Neglect by hospital staff contributed to the death of a detained patient in a Darlington hospital, an inquest jury has concluded.

Matthew Gale, 37, died on the train tracks on Mothers’ Day last year. At the time, he was an inpatient at West Park Hospital sectioned under the Mental Health Act.

An inquest at Crook Coroners’ Court heard that staff at West Park filled out the wrong forms, failed to tell Matthew’s mother, Sue Gale, that she must stay with him at all times whilst he was on leave, and did not notice he was missing for nearly two hours the day that he died.

The jury unanimously concluded that neglect by hospital staff contributed to his death. They also told the court that the trust’s failure to tell Mrs Gale about the conditions of Matthew’s leave contributed to his death.

Jurors found that West Park Hospital, run by Tees, Esk and Wear Valleys trust, failed to follow its own policy.

The jury foreman told the court: “Matthew's death occurred on March 19, 2023. Matthew had a history of mental ill health, involving periods as a patient at West Park Hospital in Darlington.

“He intended to take his own life and he did so. Trust policy was not followed, including the forms that were filled out, and not contacting the family about the salient issue of section 17 leave.

“The failure to contact the family contributed to Matthew’s death. Hospital policy had not been followed in regard to his leave. This allowed him to take his own life.

“His death was contributed to by neglect.”

In this context, neglect constitutes "a gross failure to provide basic medical attention to someone in a dependent position.”

On the day he died, Matthew failed to return to the hospital after a period of leave, where he’d been for a Sunday dinner with Mrs Gale to celebrate Mother’s Day.

Despite leave conditions stating he had to be accompanied at all times, his mother was unaware of this, and when Matthew requested he was dropped at his Darlington flat she did not think twice about it.

When asked if she had been told about the conditions to Matthew’s leave, Mrs Gale said: “Absolutely not. Do you think as a mother if someone had explained that he was at a high suicide risk that I would have let him out of my sight?”

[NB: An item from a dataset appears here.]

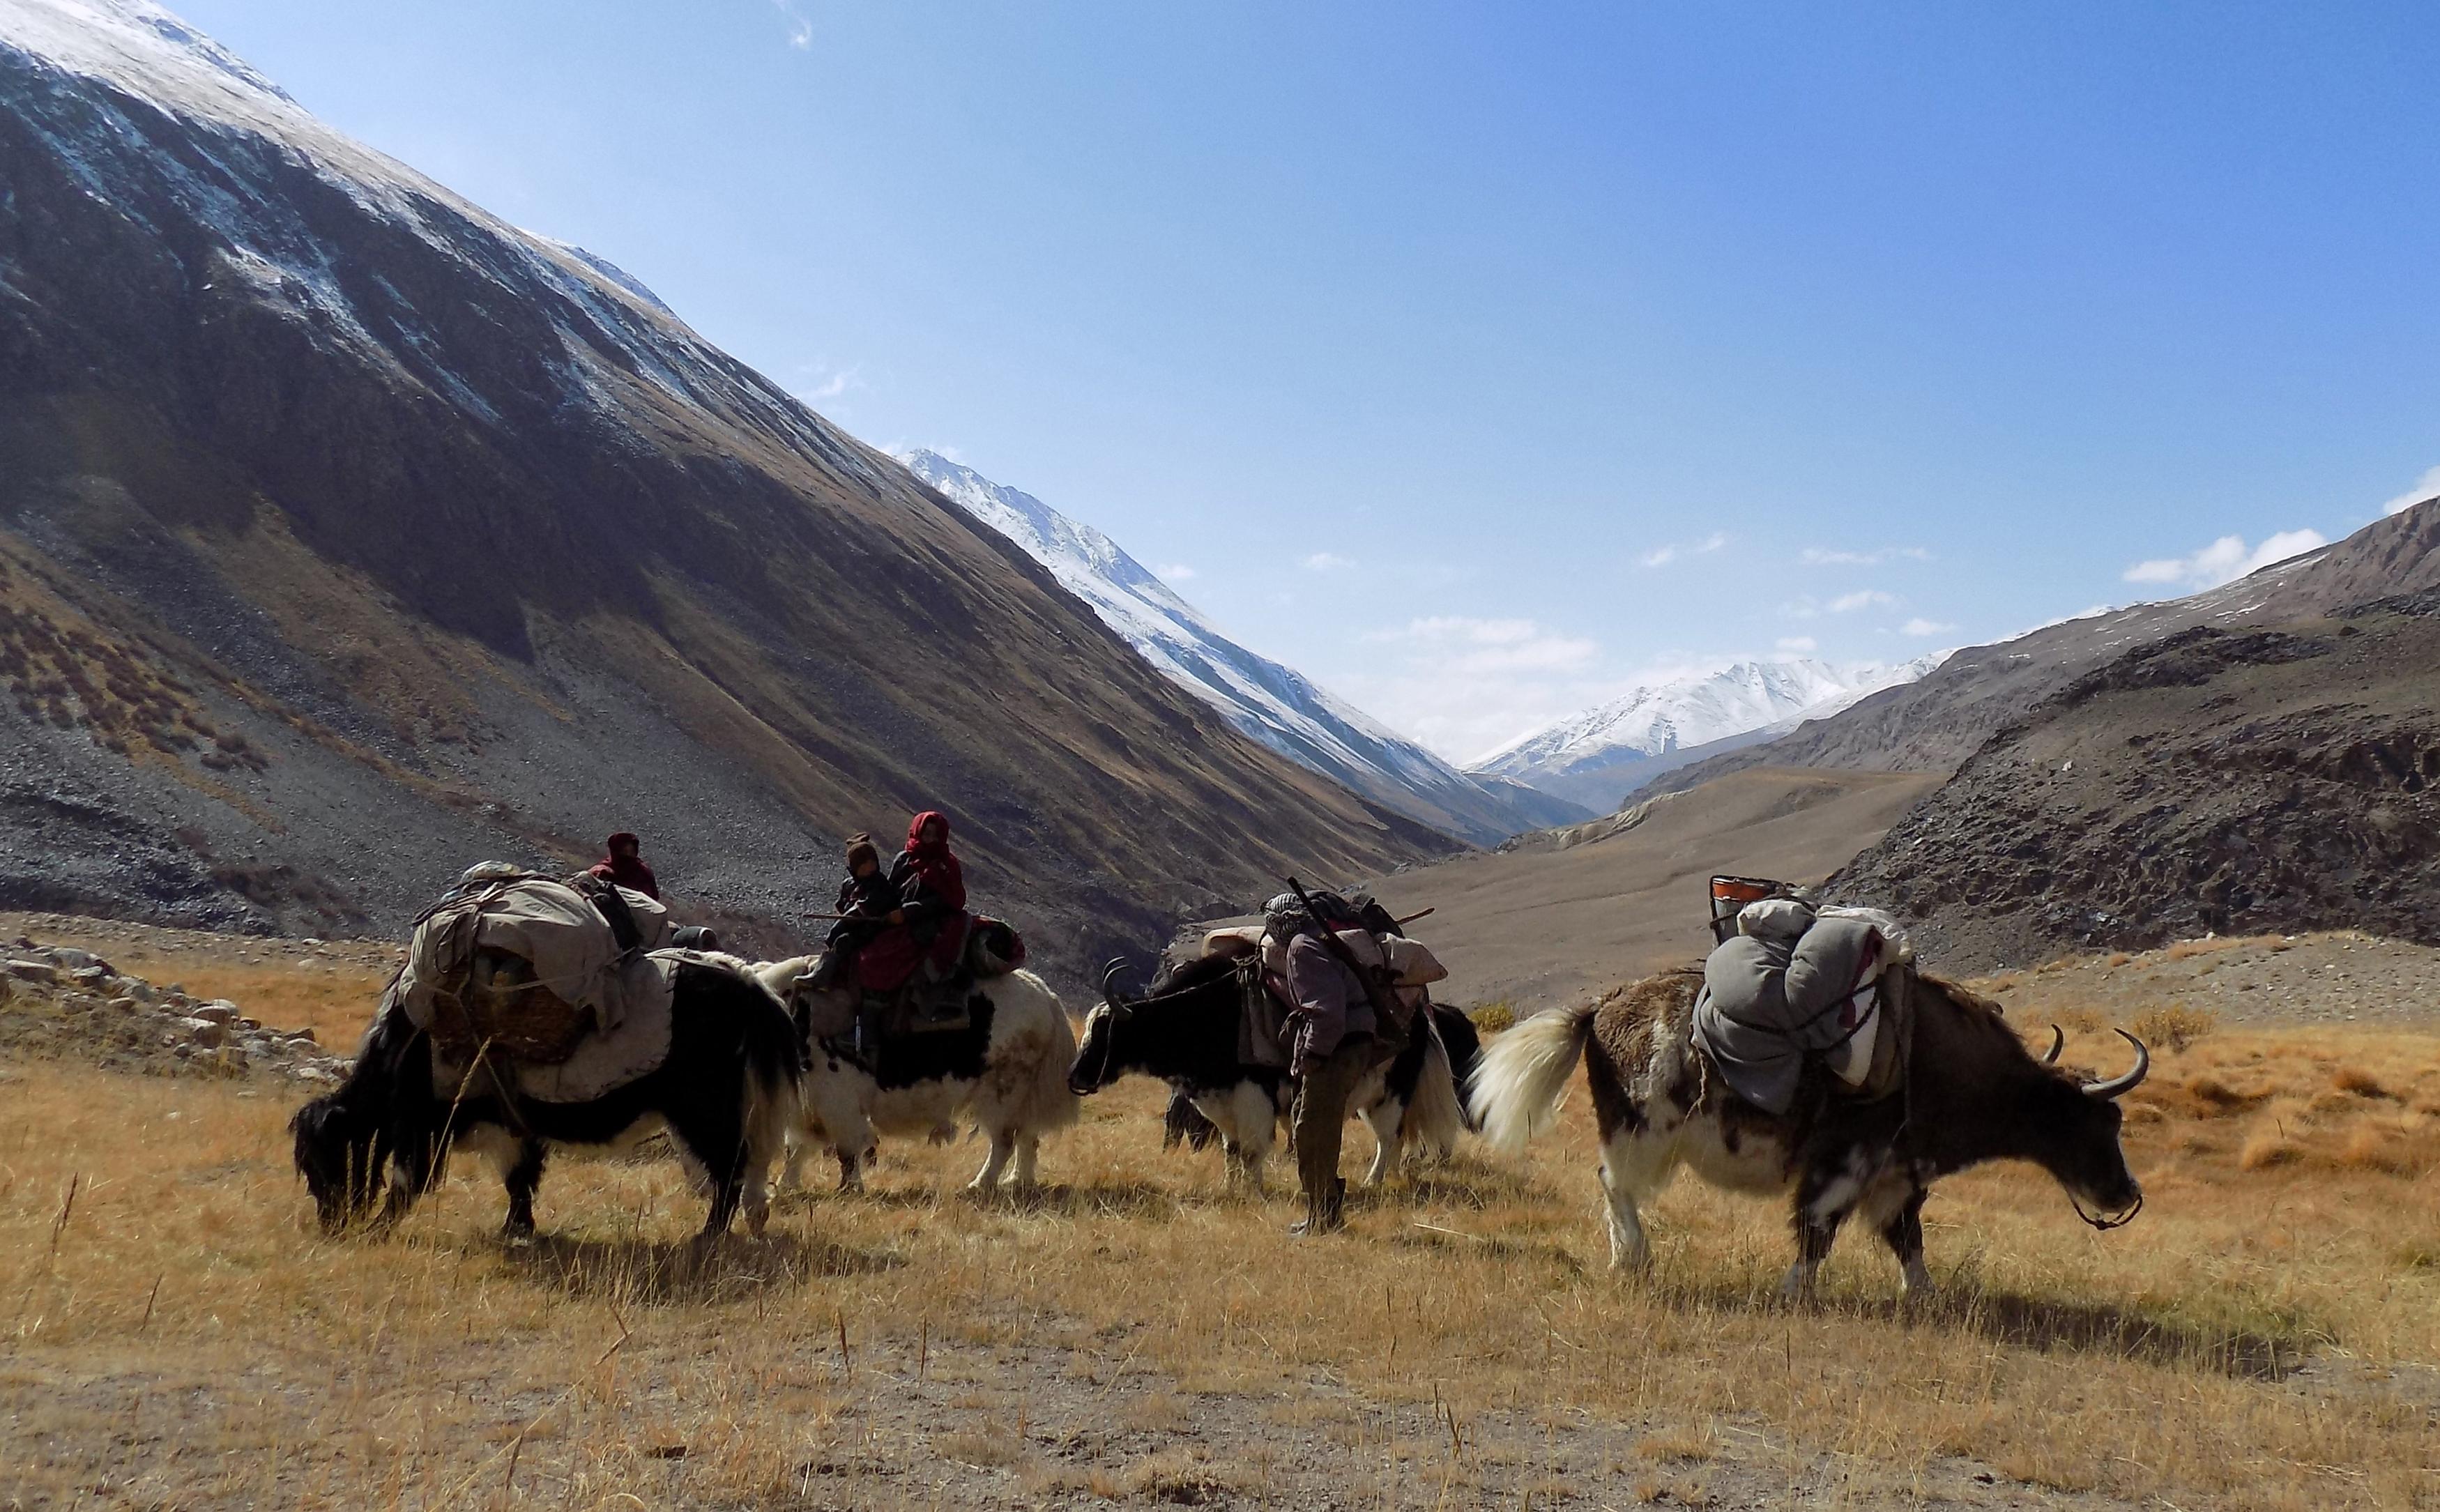 На этом фотоснимке от 7 октября показаны этнические кыргызские кочевые семьи, путешествующие на яках в Ваханском коридоре в Афганистане. [Гоар Аббас / АФП]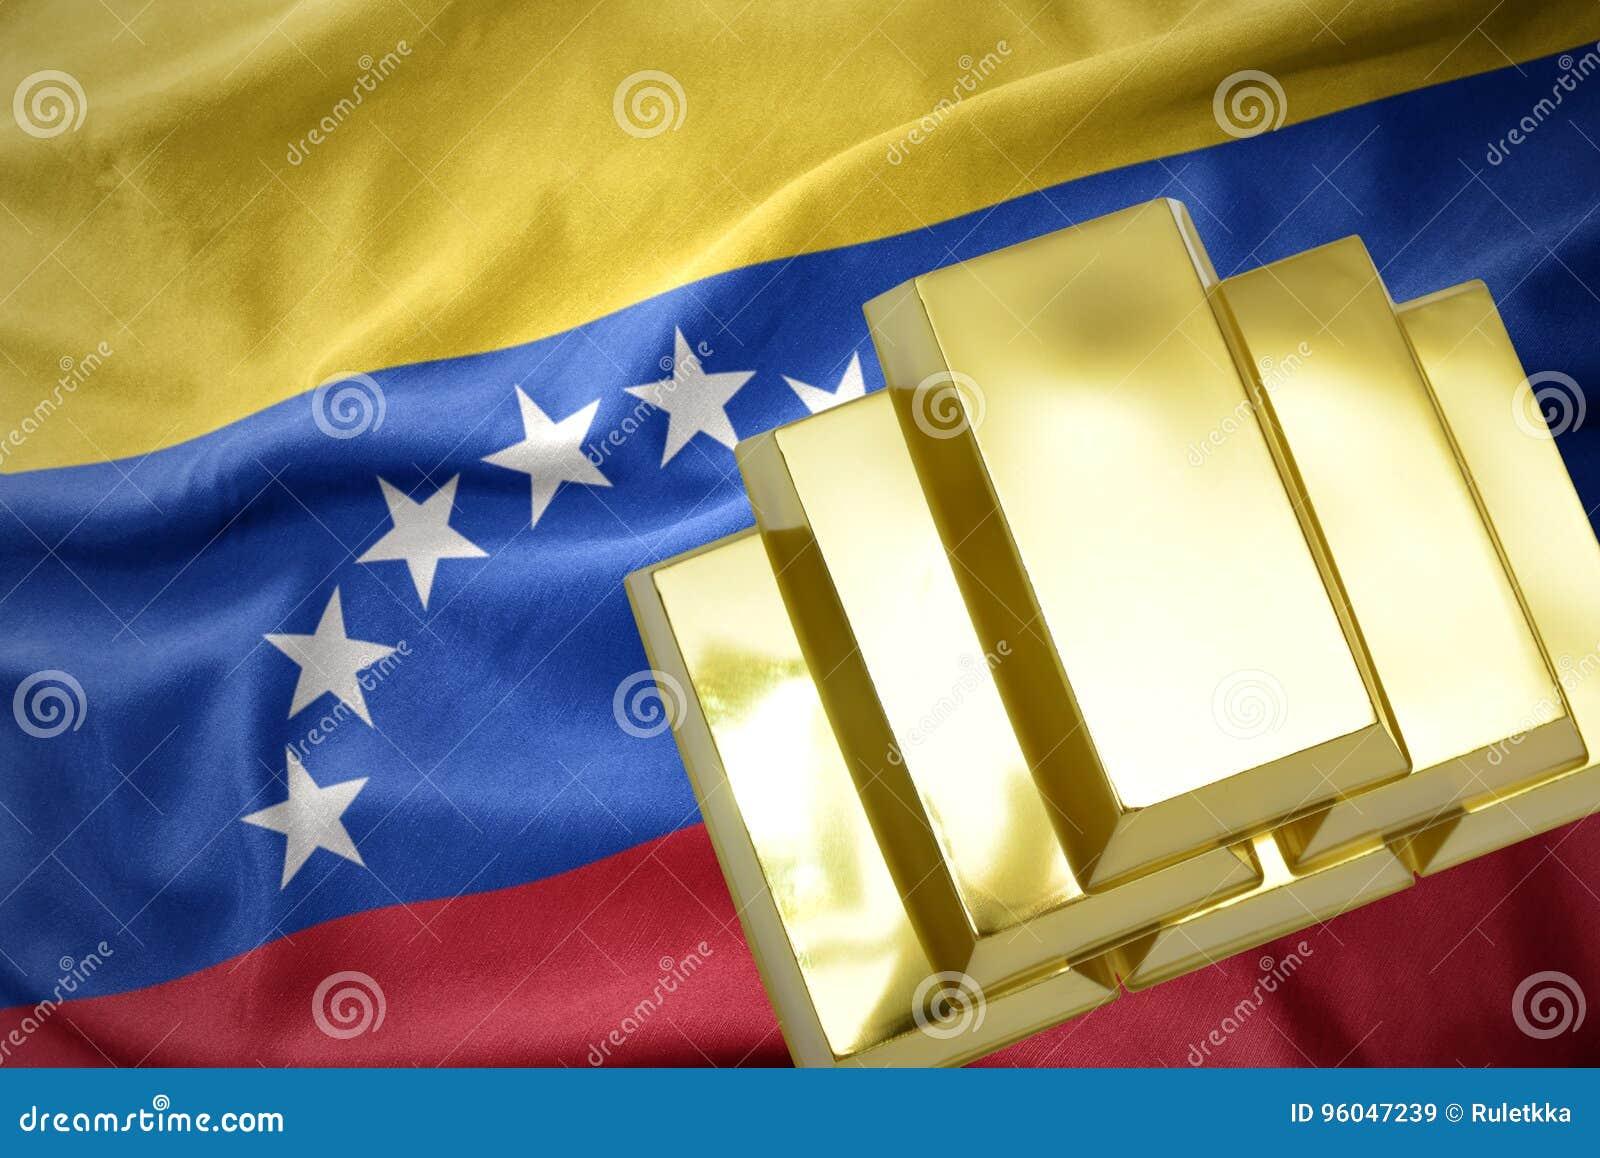 Shining golden bullions on the venezuela flag

But Sue realised something was wrong when she was driving back over to pick him up again – saying: “It was a feeling I’d never felt before, I knew he had gone to take his own life.”

At 6pm, when she discovered he was no longer at his flat, she alerted the police of her worries, and later, at 6.40pm, phoned staff on the ward.

Alison McIntyre, associate director of nursing quality at TEWV, said that Matthew’s absence should have been picked up on a nurse round, scheduled to happen between 5pm and 5.30pm.

But evidence heard by the court showed nurses on Matthew’s ward did not know he was missing until phoned by Matthew’s mother.  

Sadly, the British Transport Police had already logged the incident that killed Matthew. He died at 5.53pm.

The barrister for the trust, Gina Wells, said: “The Trust accepts communication could’ve been better with Matthew’s mother.”

The court heard that this contravened TEWV’s own policy, and good practice guidelines on family involvement in Section 17 leave for patient safety.

Yesterday (Tuesday, May 21), at Crook Coroner’s Court, it emerged that Matthew’s consultant psychiatrist, Dr Ibrahim Jawad, filled out an outdated form when granting Matthew his leave, and that medical records lacked note of any conversations had with Matthew’s family about leave.

Trust witness Alison McIntyre, associate director of nursing, admitted that the trust would “have to take the understanding that if something was not recorded, it did not happen.”

Matthew’s family paid tribute to their beloved son and brother. Mrs Gale said: “He had an ability to make you feel special, and no matter who you were, once you met him you never forgot him.

“He was so kind and empathetic – and I am so, so proud of him. It was black and white; he should not have died.”

The family thanked their legal team, for their help with the case, and the jury, for “coming to the right decision.”

Beverley Murphy, chief nurse, said: “Our thoughts this week have been with Matthew’s family and friends. We are so sorry for their loss.

“We reviewed Matthew’s care and treatment following his sad death. As we shared with the coroner, we immediately strengthened our processes on how we share information about leave with families.

“We have acted on the inquest findings and continue to improve so that we can provide the best care possible.”